Pop Rocks Replacing Lanthanum With Tellurium, Dropping Rare Earths Use By 20%

In a win for environmentalists and rare earth mineral miners, Pop Rocks announced it would no longer use the metal lanthanum in its products, reducing their use of rare earth minerals by 20%.

“Everyday items that are essential to human life like computers, phones, electric car batteries, and Pop Rocks, depend on rare earths,” said CEO of Pop Rocks Dan Mitchell. “And just like the Samsung Galaxy S5 phones that catch fire and explode, rare earths allow Pop Rocks to explode in your mouth. Unfortunately, they come at a cost.”

Mitchell said although Pop Rocks will no longer have a popping sensation, as that was created by lanthanum, he thinks that consumers will understand this necessary sacrifice for the environment.

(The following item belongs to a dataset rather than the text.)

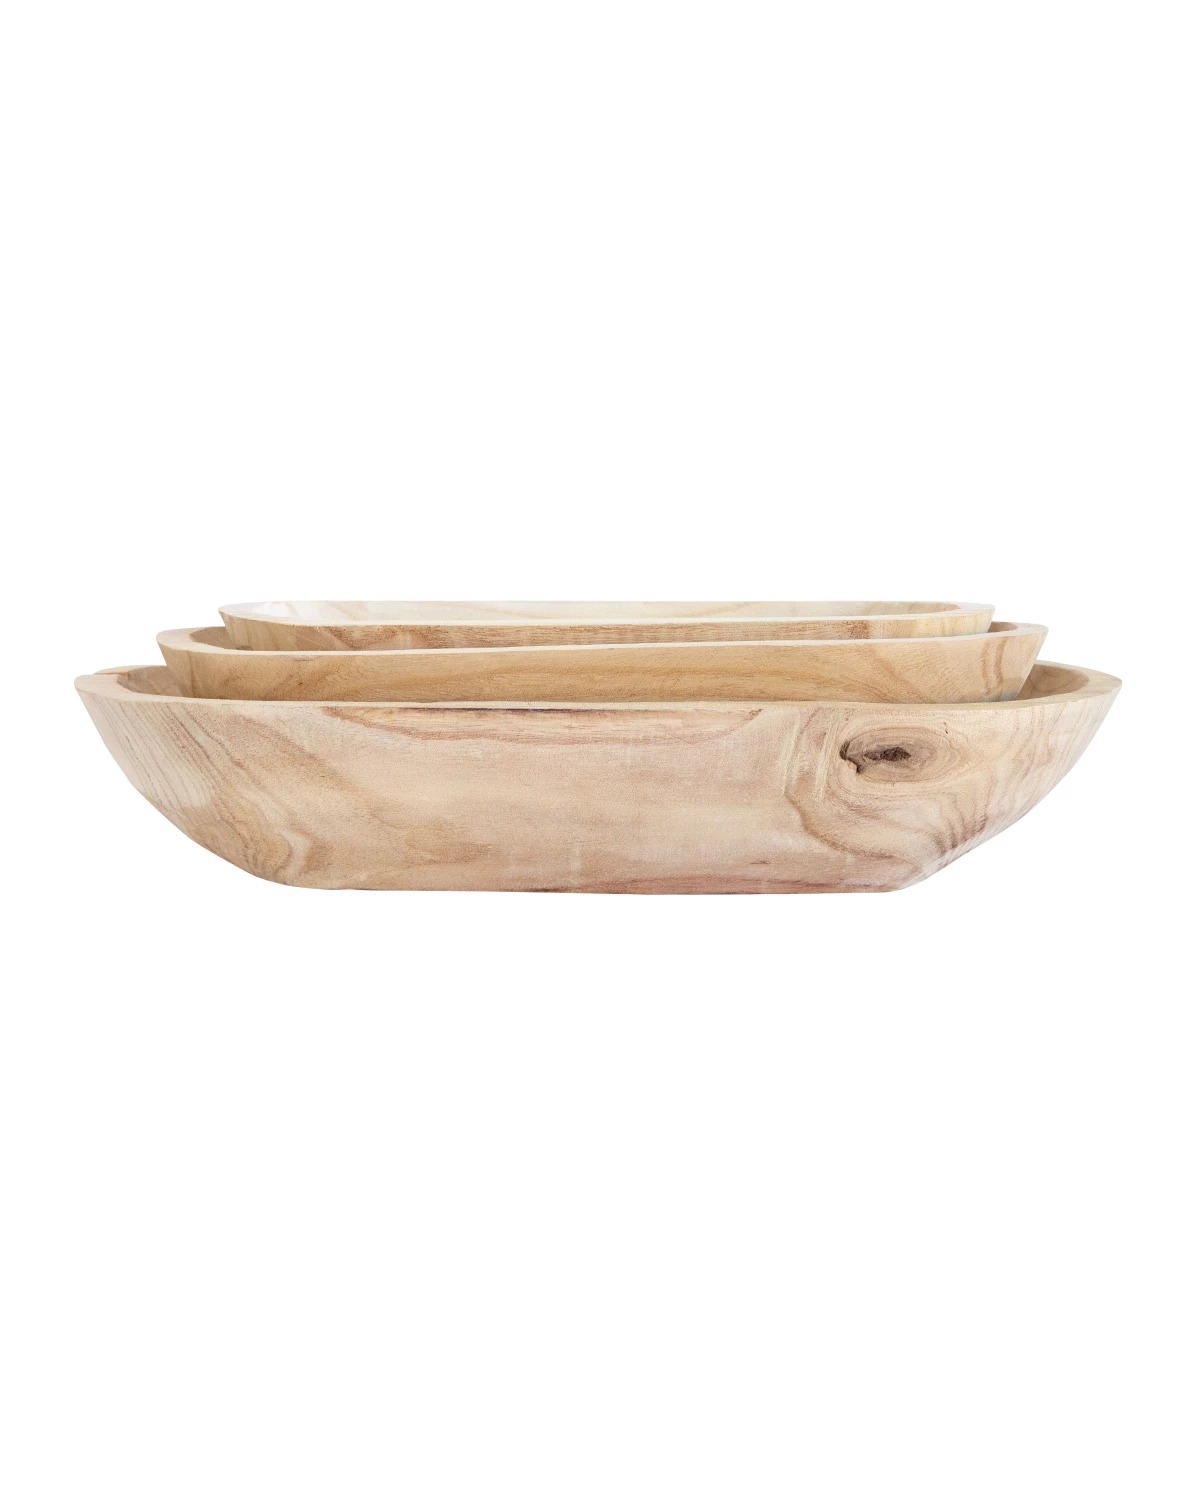 OBLONG BOWL - SMALL - Image 1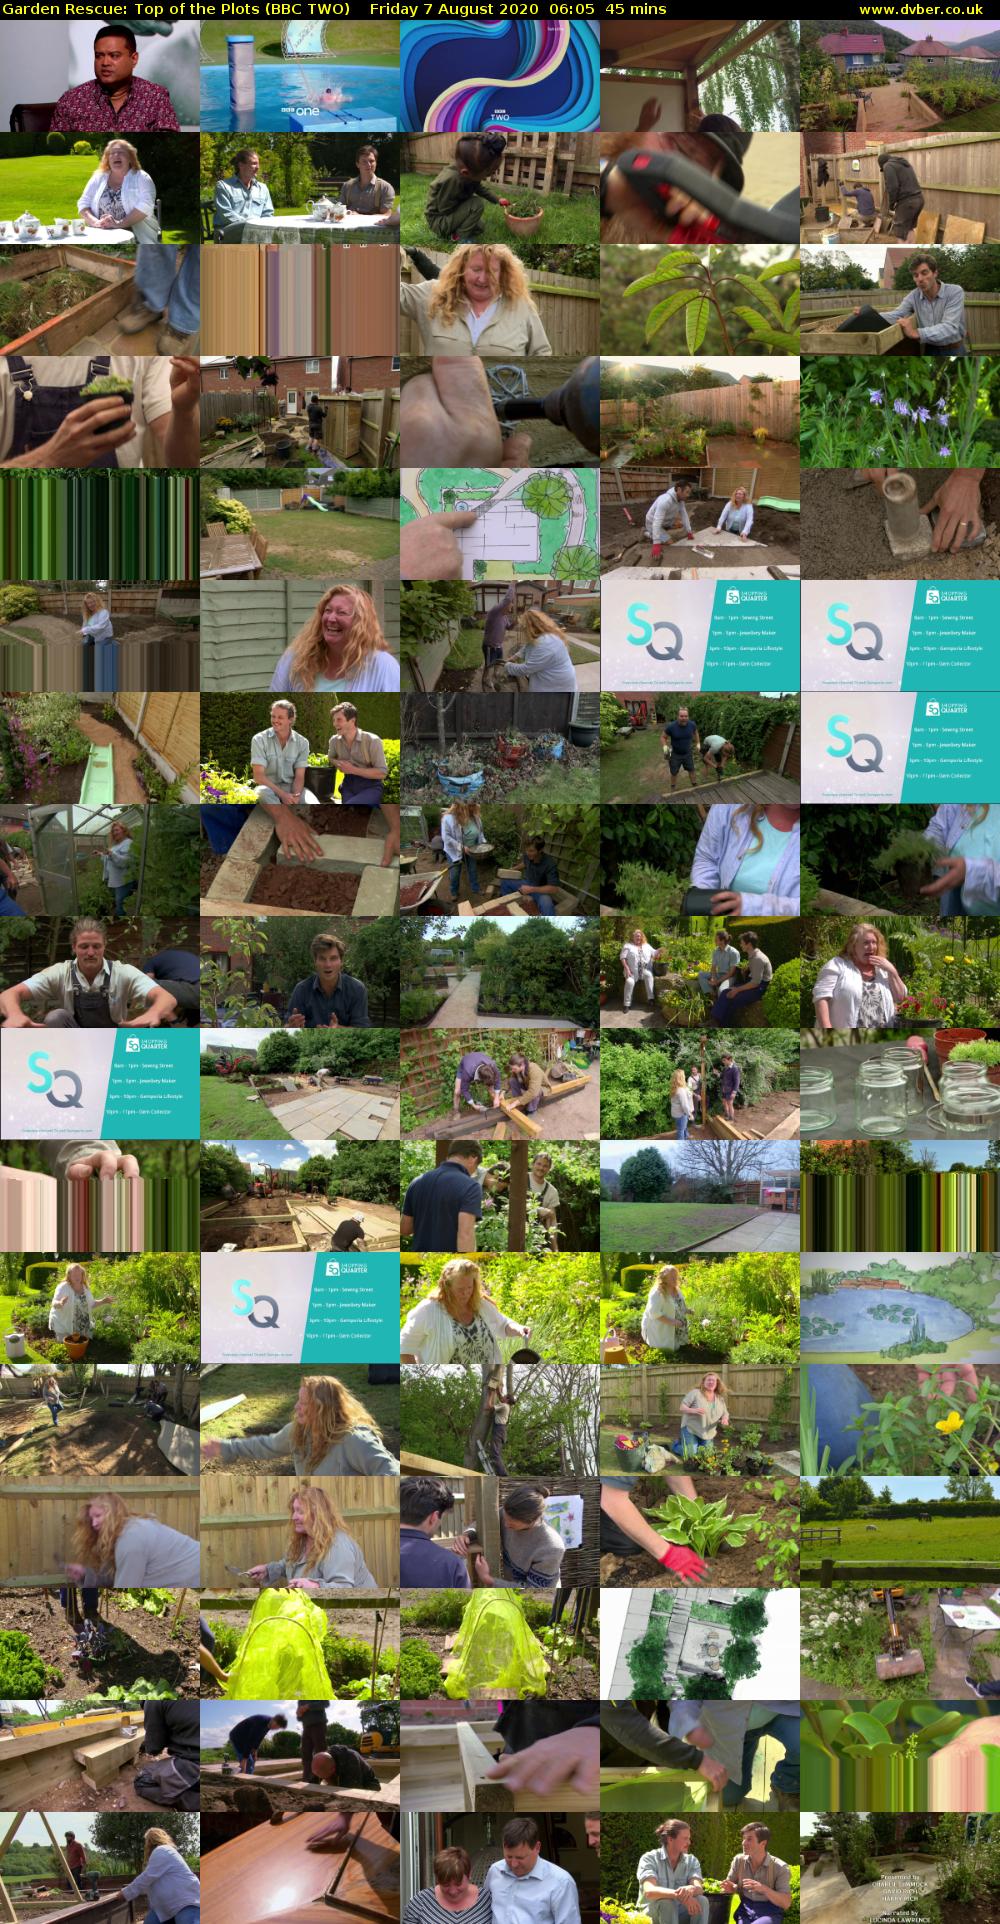 Garden Rescue: Top of the Plots (BBC TWO) Friday 7 August 2020 06:05 - 06:50

“Is the popping really that important to our consumers? It’s probably more annoying than anything else. So not only are we reducing rare earths, but we’re making it so our Pop Rocks don’t actively resist you swallowing them. It’s basically crunchy Fun Dip now.”

While swapping lanthanum for tellurium will change the flavor of Pop Rocks dramatically, Mitchell believes the new product will remain a fan favorite.

“Remember when you were a kid and would pick a nickel up off the ground and put it in your mouth? And once you licked the dirt off, it had that cool refreshing metal taste? No? Just me? Well, Pop Rocks are going to taste like that now.”

At press time, Ring Pops announced that it would discontinue its use of rare earth cerium, forcing buyers like Delaware kindergartner Tanner Jones to rethink his proposal to Ashley, his classmate and girlfriend as of Thursday’s recess.